As the dominant operator in British telecommunications, BT's businesses are ostensibly operated under special government regulation by the British telecoms regulator Oftel.

BT has a controversial patent, US patent number 4873662, which it claims gives it a monopoly on the technology of web hyperlinks. Opponents of BT's claims hold that the patent is not valid, due to prior art by both Douglas Englebart and Ted Nelson's Project Xanadu. On February 11, 2002, a court case relating to BT's claims started in a US federal court against Prodigy Communications Corporation.

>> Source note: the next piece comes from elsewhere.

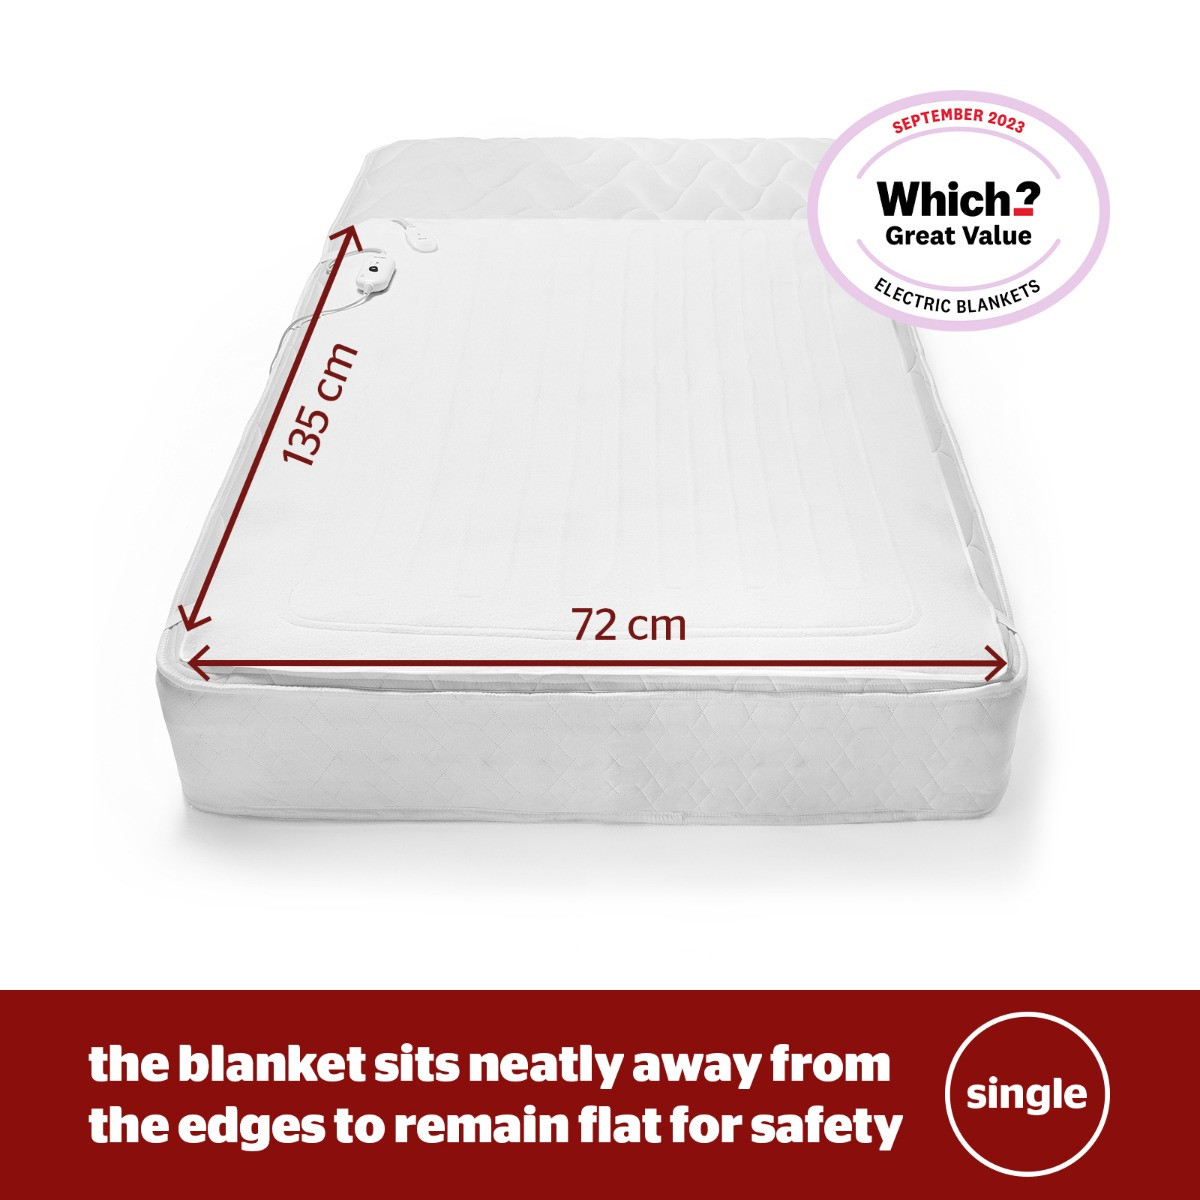 Silentnight Comfort Control Electric Blanket>

Whilst the UK license has long since expired, the US patent is not due to expire until 2006.

(Trying to work out how to record the timeline: National Telephone Company -> GPO -> The Post Office and British Telecom -> BT -> BT and mmO2... ?)

(The Post Office is now the privatised company Consignia.)

BT Group has four main businesses:

  • BT Ignite: retail broadband networks
  • BTopenworld: retail Internet
  • BT Retail: retail telecoms
  • BT Wholesale: wholesale telecoms network

The former mobile telecommunications business of BT ("BT Cellnet") has now been demerged into a separate business named "mm02". This was a move designed to remove the burden of debt with which the company had encumbered itself, much of which was acquired during the bidding round for the 3rd generation mobile telephony licenses.